In spring and summer, one of the most beautiful regions in Germany is very green, until fall, when it turns orange, red and brown. Still its name is Black Forest. There is an explanation.
There is hardly any black in Germany’s Black Forest, a stunningly beautiful region of woods, pastures, hills, lakes, rivers and mountains that spreads out over an area of exactly 6,009 square kilometers (2,320 square miles) in south-western Germany. In spring and summer, many versions of green can be seen here. Then they change to fall colors, and usually to white in winter.
Black Spruce Forests
So, where is the black? When the Romans dominated the region, the enormous forests were mysterious, black and scary to them. They called them ‘Silva Negra’, which is the Latin translation for Black Forest. A version of the German name ‘Schwarzwald’ first appeared in a document in the year 868.
Over the centuries, the Black Forest changed. In the 18th century, many trees were felled. Their wood was used for buildings, ships and as heating material. But the gaps were reforested. When spruces were planted, the forests actually became sort of black. Today, there are countless different types of trees.
Plenty of Air
The air down there is excellent. There is nothing better than sleeping at a hotel in some Black Forest village with the windows wide open. Taking a deep breath in that region will make Berliners feel their oxygen intake just quintupled. Humans need air to breathe. They will get plenty of it in the ‘Silva Negra’.
Did anyone say “food”? ‘Black Forest Ham’ (‘Schwarzwälder Schinken’) is the kind of raw ham that ripens for a month or two. The word delicious is an understatement here. The same applies in regard to what is known as ‘Black Forest Cherry Tart’ (‘Schwarzwälder Kirschtorte’). The ingredients are layers of chocolate cake and cream plus cherries on top. There is nothing better of the face of this Earth.
Cuckoo Clocks and Tourism
Countless farms all over the Black Forest produce excellent milk, cheese and other products. The cows have plenty of grazing land. Those pastures they spend most of their time on provide clean, green and juicy grass which contributes to their wellbeing and the quality of their milk.

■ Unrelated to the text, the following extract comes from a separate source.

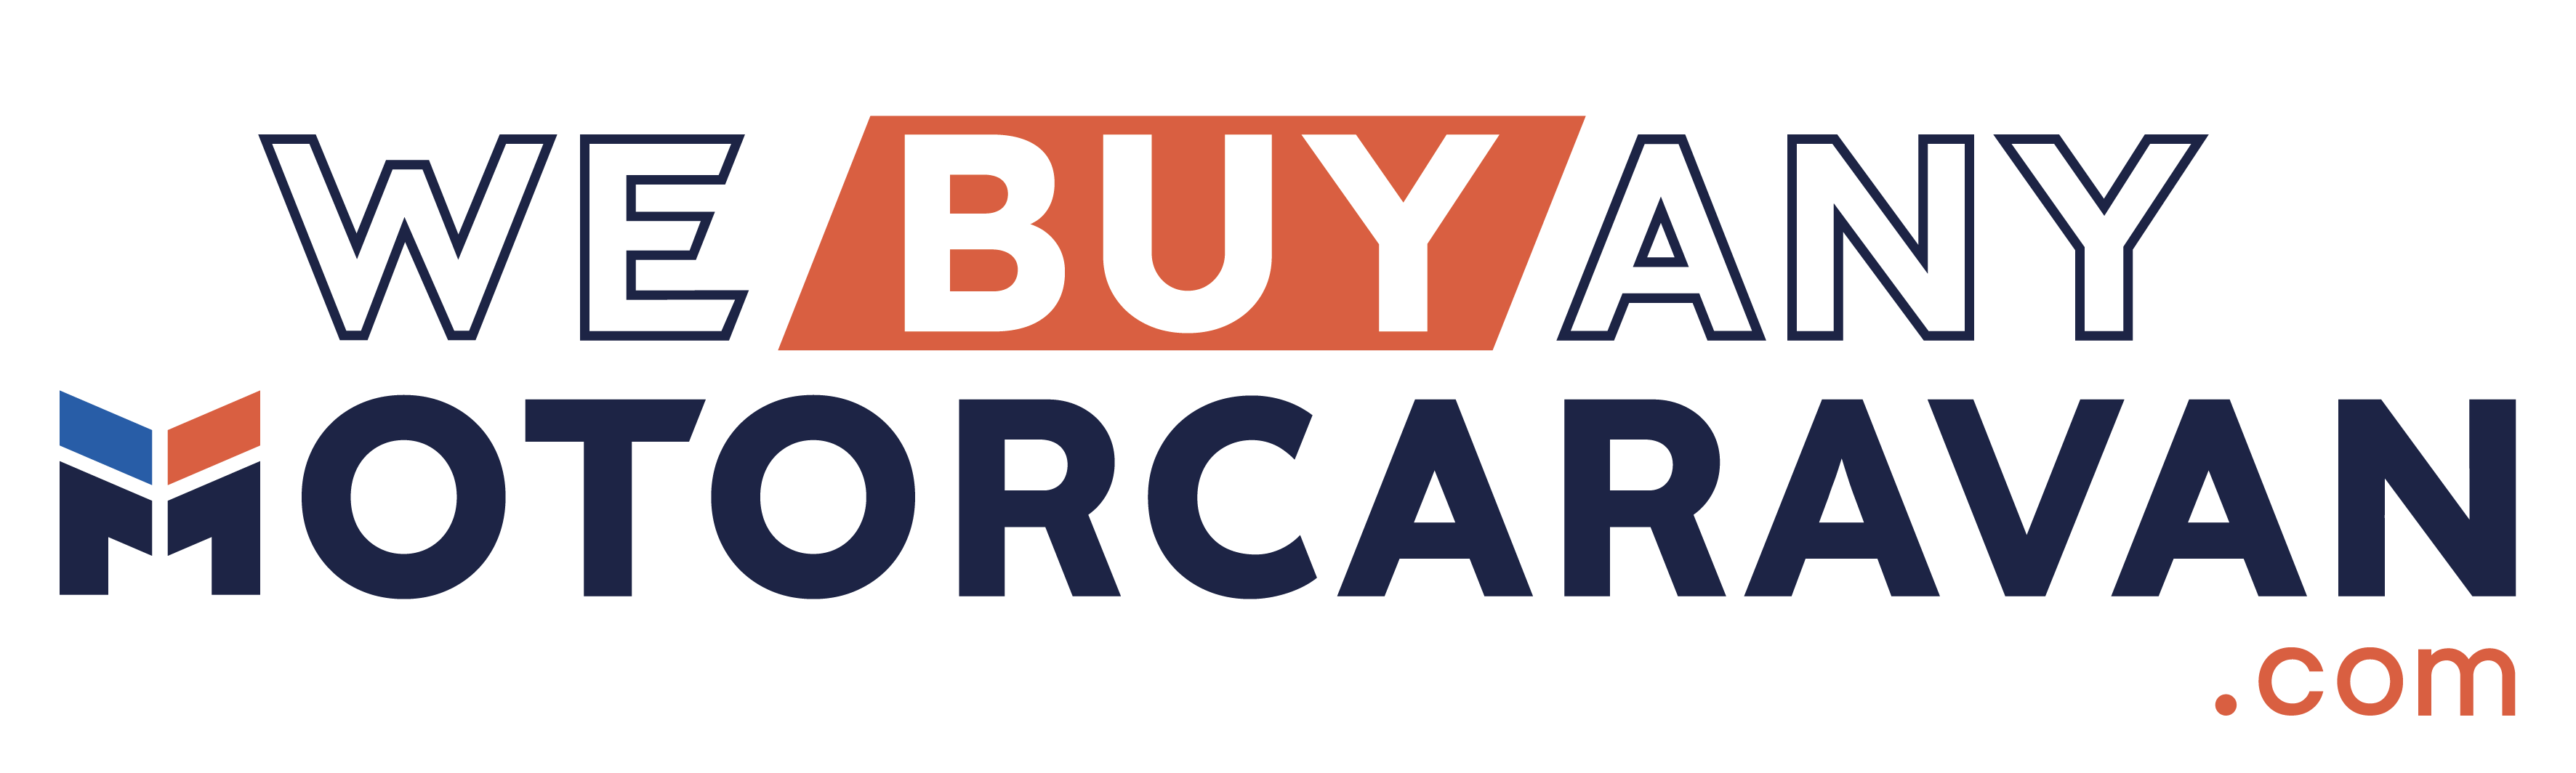 We buy any motorcaravan Logo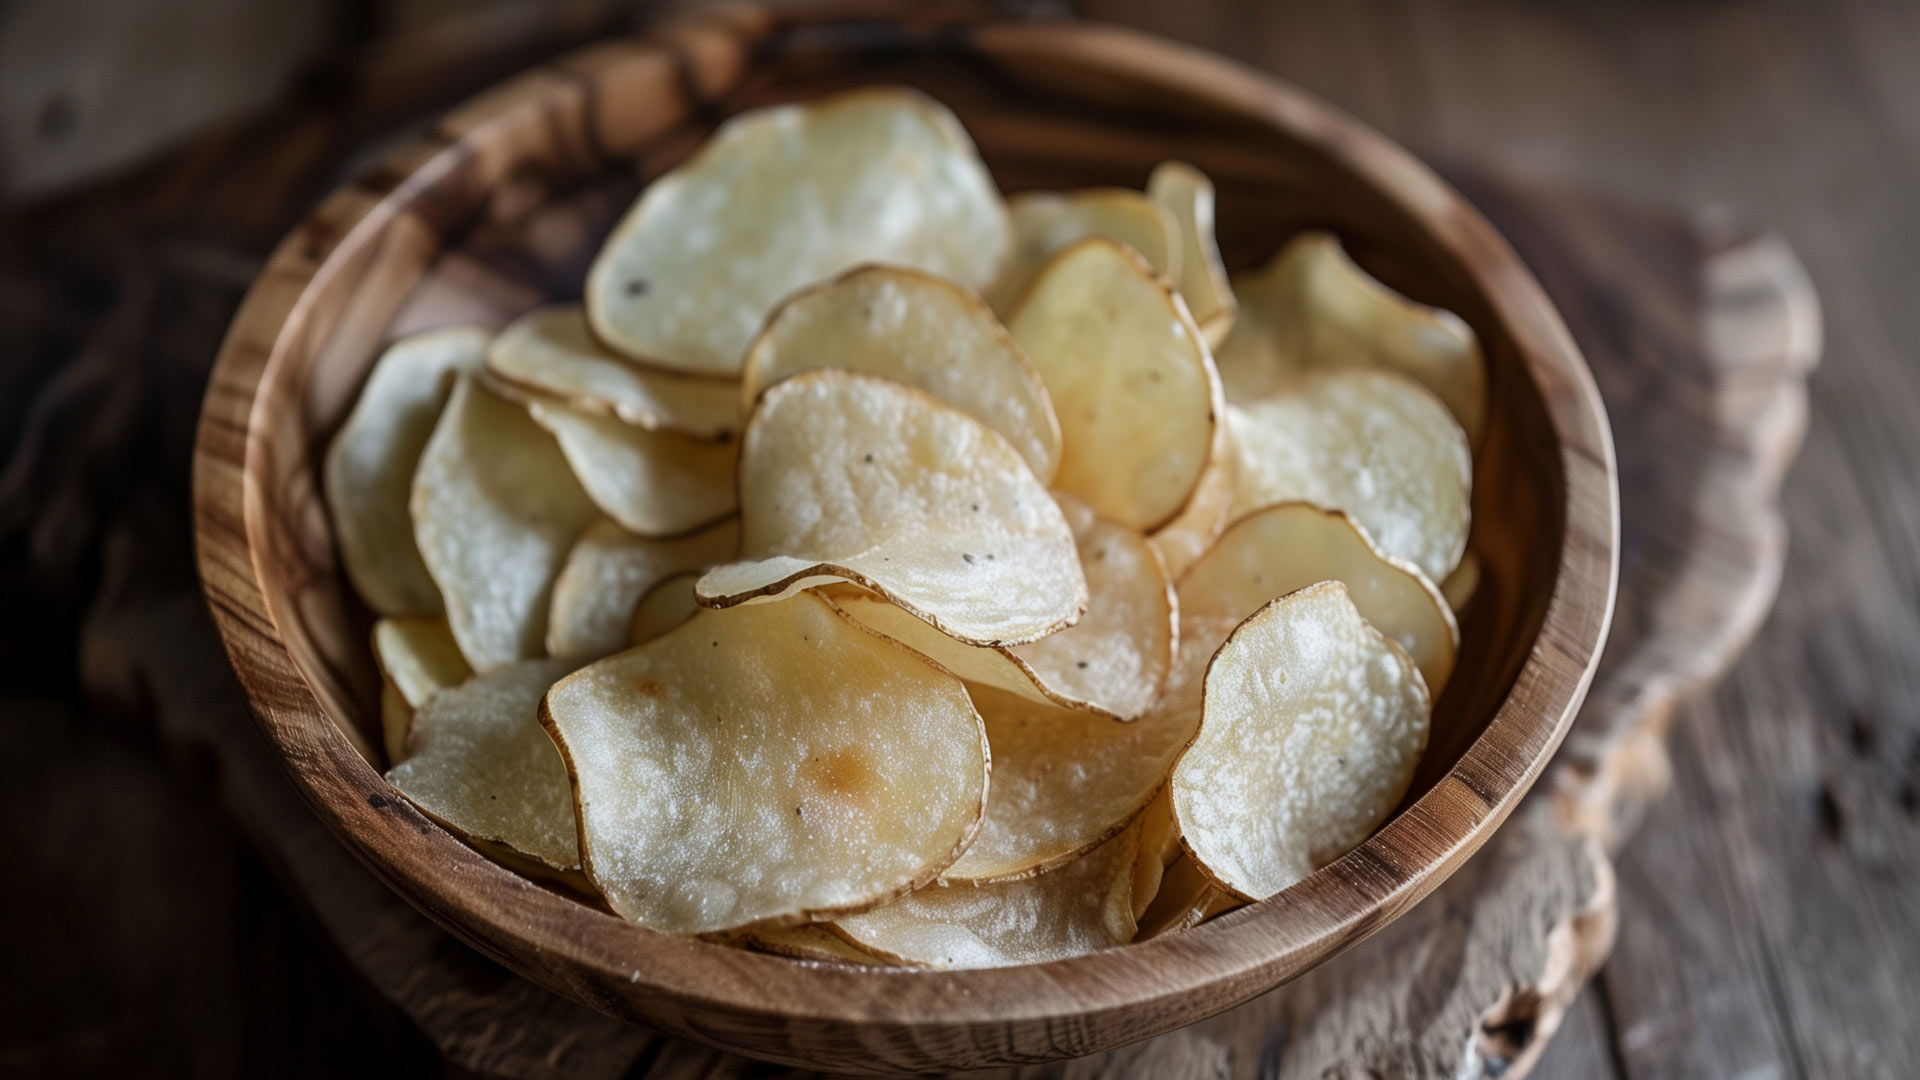 Trüffel Chips

Sure, agriculture is big in the Black Forest. Also they make cuckoo clocks and other products. But tourism is a lot bigger. At least it was in pre-Corona times. Visitors from Germany and all over the world love hiking, swimming in clean lakes, eating and breathing that air down there.
Hiking Trails Galore
The most popular spots in the Black Forest are Titisee (watch out for an extra feature on The Berlin Spectator soon), Schluchsee, Badenweiler, Bad Krozingen, Bad Liebenzell, but also towns such as Gengenbach, Baden-Baden, Freudenstadt, Freiburg, Wolfach or Haslach. There a several monasteries visitors go to.
Dozens of hiking trails of all distances appeal to tourists who insist on moving their behinds. The West Trail from Pforzheim to Basel is 285 km (177 miles) long. The East Trail is a bit shorter, but just as interesting. There are loop trails and routes from A to B that take between one and seven days to complete. Plenty of bicycle routes are there as well.
Mountains and Water
How about climbing some mountains? No problem at the Black Forest. Climbers will not find Everest, but the ‘Feldberg’. With its 1,493 meters (4,898 feet), it is the highest mountain in the region. Another six are higher than 1,000 meters (3,281 feet). And there is plenty of water. Apart from many lakes, there are 26 rivers. Swimming, renting boats and even windsurfing are popular activities.
There is another very popular activity at the Black Forest. Motorcyclists love racing up and down its roads with their millions of curves. And they crave the local beer and food when they are done, just like all other kinds of tourists.
Up to 150,000 people in the region work in tourism. The many hotels in all corners of the Black Forest counted some 35 million nights spent per year in pre-Corona times. Beauty definitely sells.